I have a question about how to shape the distribution of a learned variable with the loss function.
I want to train two variables to separate signal from background, and I want the two variables to be uncorrelated on the background. I did this by converting the signal-background problem into a regression, have two targets, and then calculate the correlation (standard “r”) on the background in the loss function. It worked well.
The problem is that the network did exactly what it was told - and “over” learned the loss function. The background is distributed along with a “check” mark pattern which while it is technically uncorrelated… It isn’t really.
I decided the right way forward was to try a loss function that not only required good signal/background separation and uncorrelation but also required the two variables to have a normal distribution. The problem is: I do not know how to effect this in the loss function. Options I’ve looked at:
Look at moments of the distribution - like kurtosis (4th) and skewness (3rd). In fact, there are statistical “tests of normalcy” out there that put moments together in interesting ways. However, my network has enough nodes in it to learn the functional 4th and 3rd order moment forms and trains itself into more geometrical shapes (like the checkmark above).
Dumb down the network so it can’t learn the specifics of the loss function. I did this by removing nodes, layers, etc. (since there is no deep design behind the architecture at the moment). This does help - but also the ability to separate the signal from the background is damaged significantly.
Change the correlation test to be only over small regions of the distribution rather than just the whole distribution.

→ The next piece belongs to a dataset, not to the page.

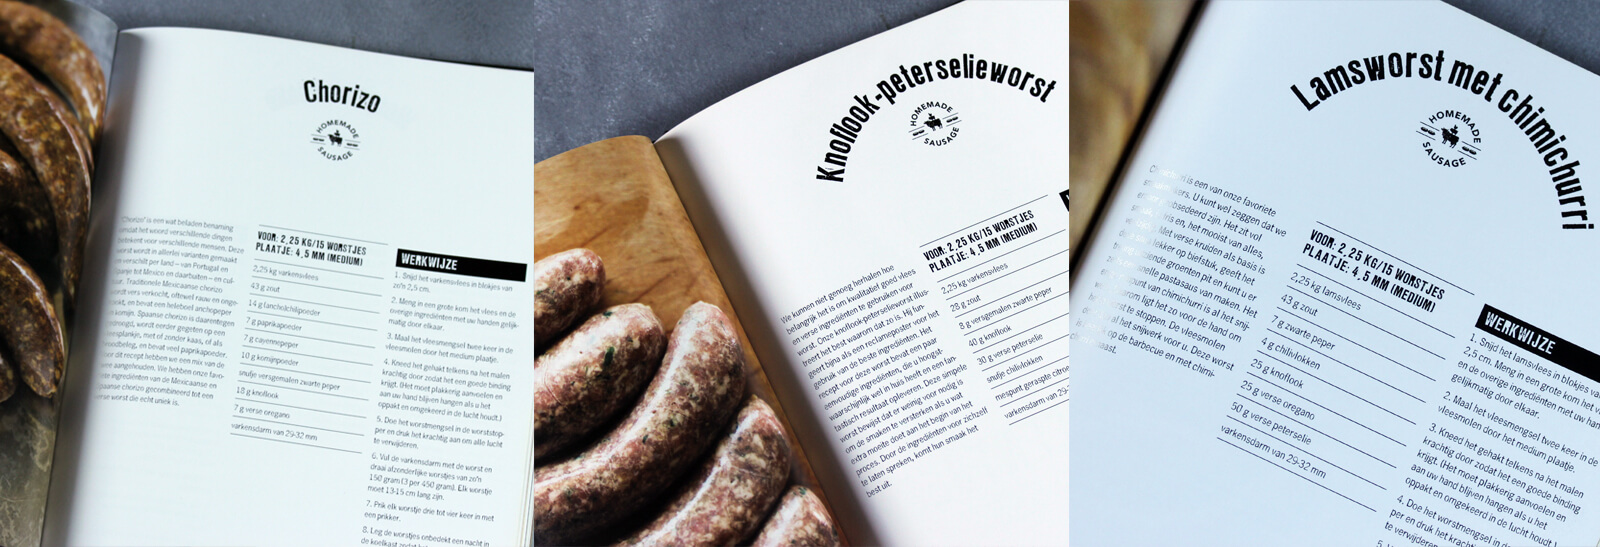 Homemade Sausage - recepten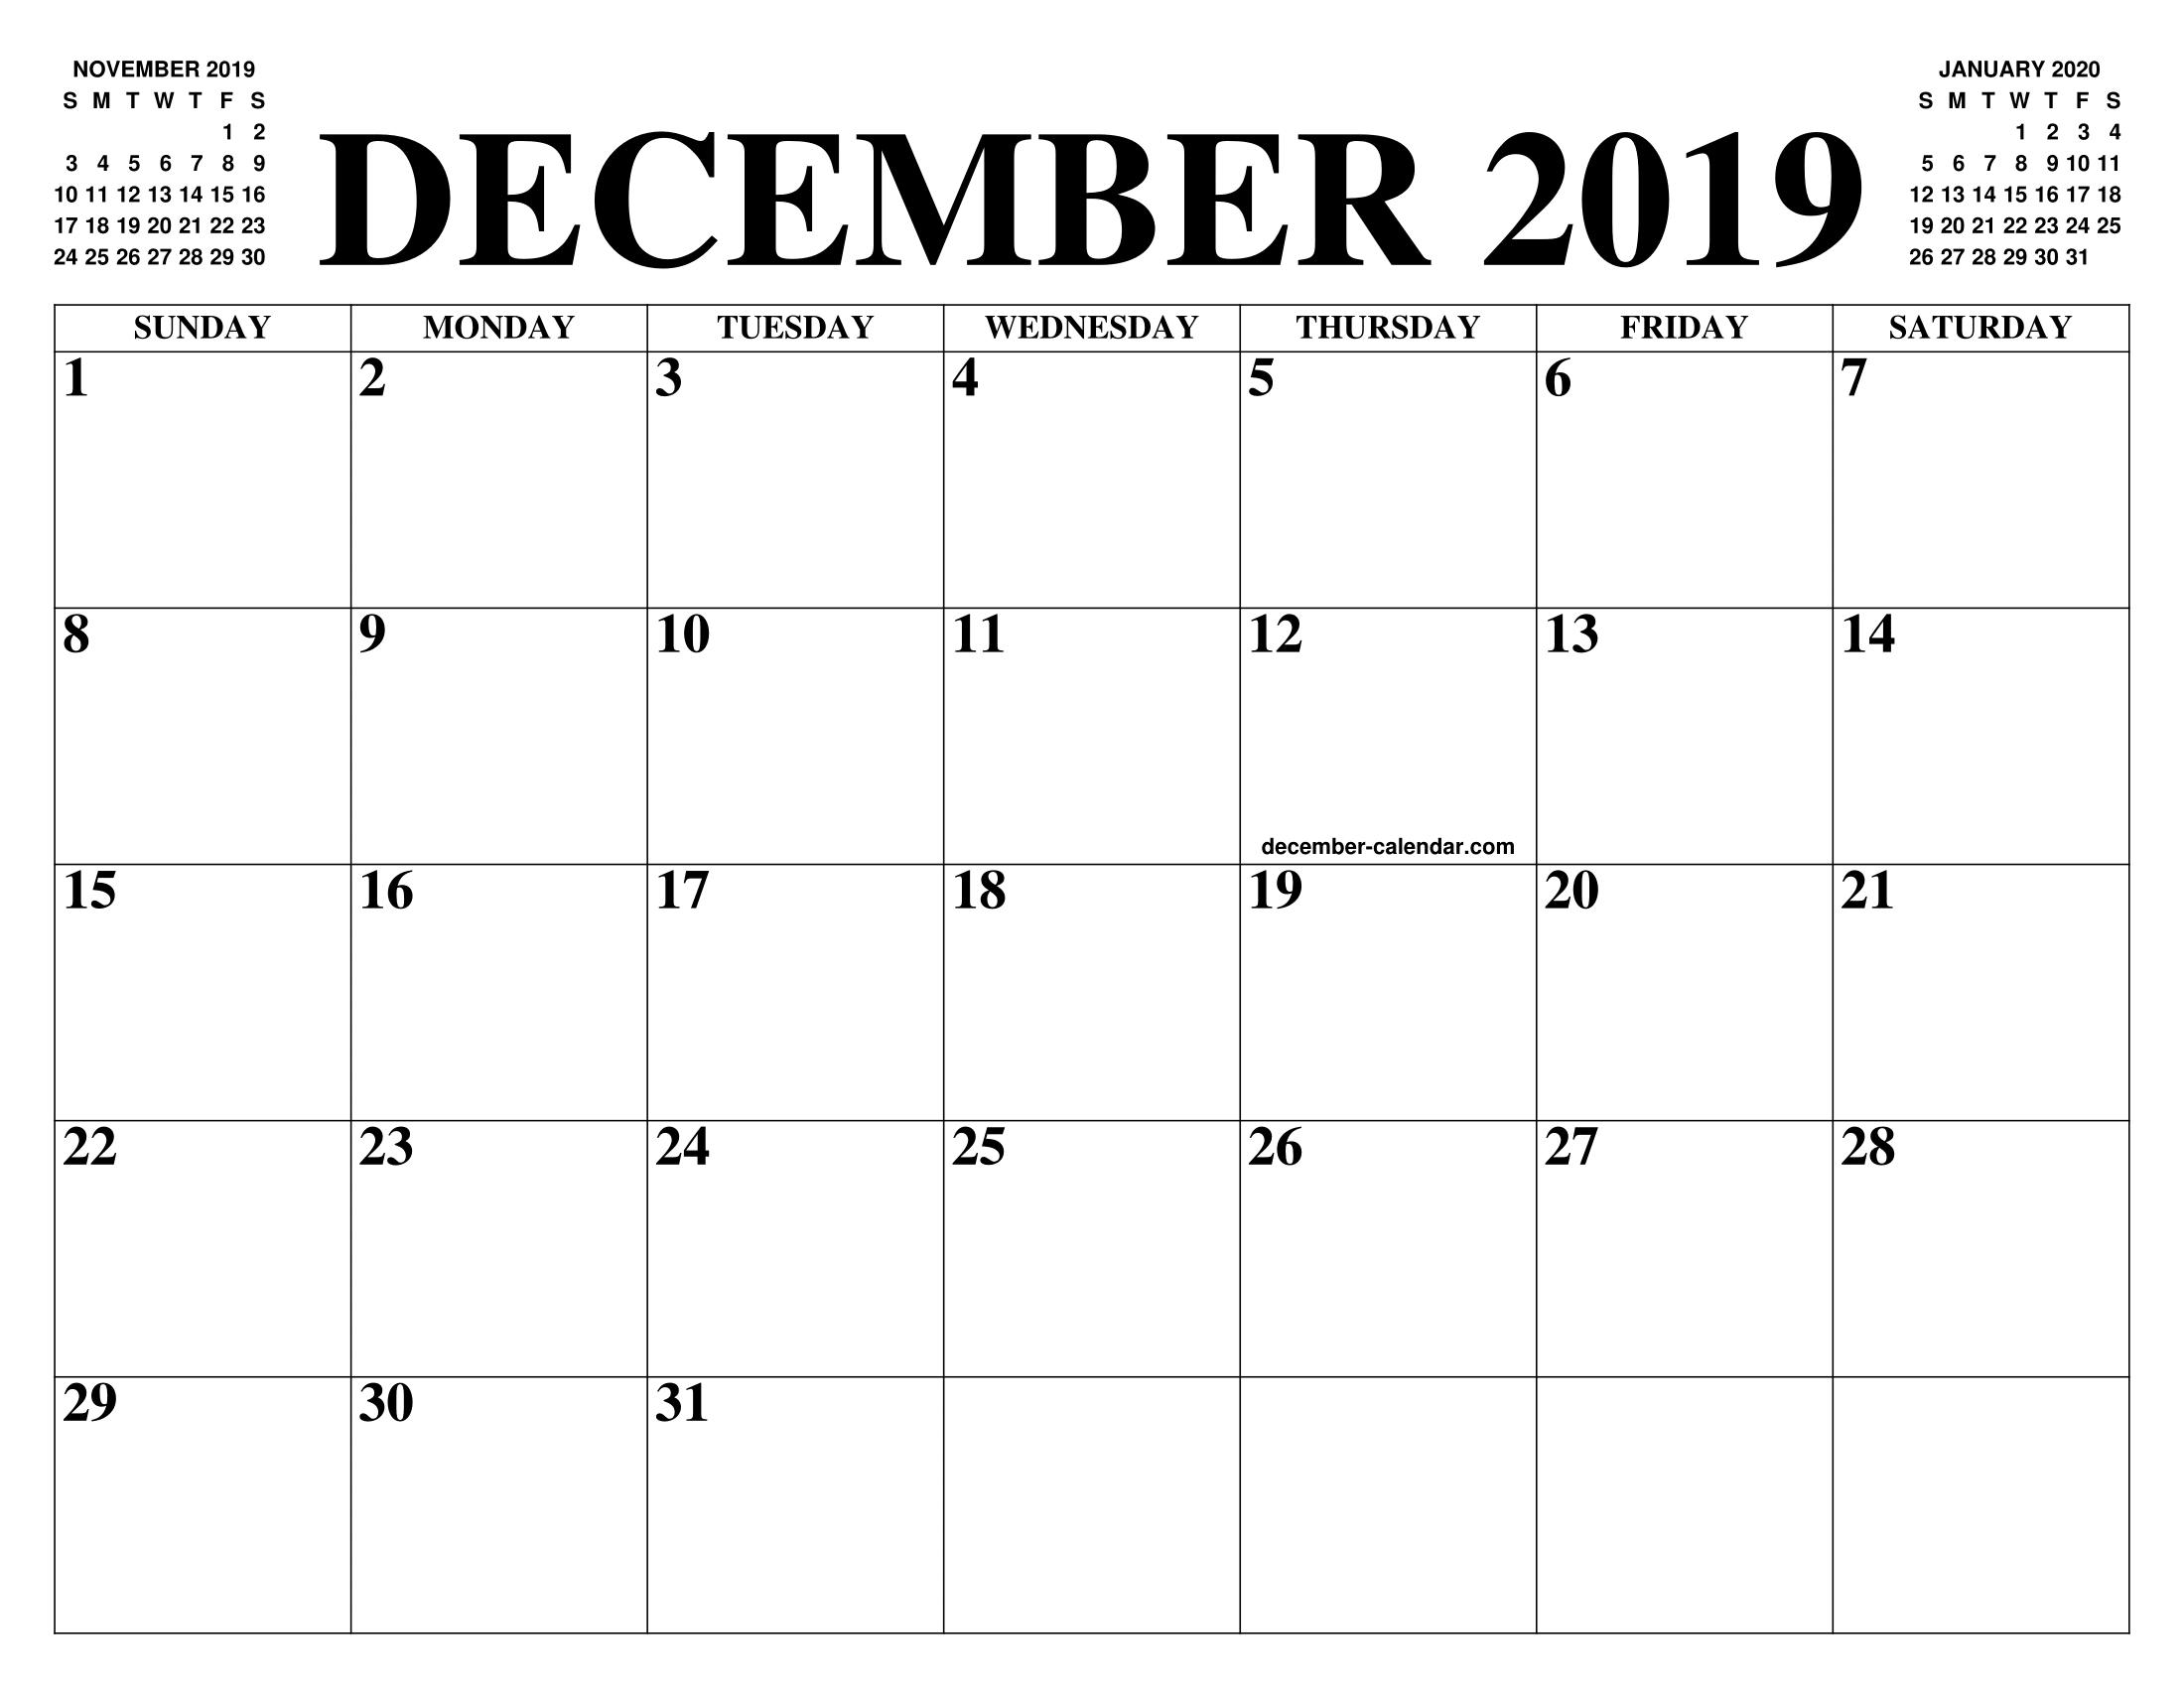 Calendar December 2019 January 2020.December 2019 2020 Calendar Of The Month Free Printable December

I’ve not tried this, mostly because I’m worried the network would learn many “check marks” rather than a single big one.
There is a sort primitive in PyTorch, and I could use the cumulative probability for a normal distribution (also a PyTorch primitive), and I think I could probably calculate a probability curve for my distribution and for the normal distribution and then do a mean square error… but this feels like it will be painful. Also, my understanding is sorting is not-differentiable, so I’m worried I’ll run into a limitation of these tools as soon as I start to use the sorted tensor.
That last point got me to wondering if there was a better way to do this, and hence this question.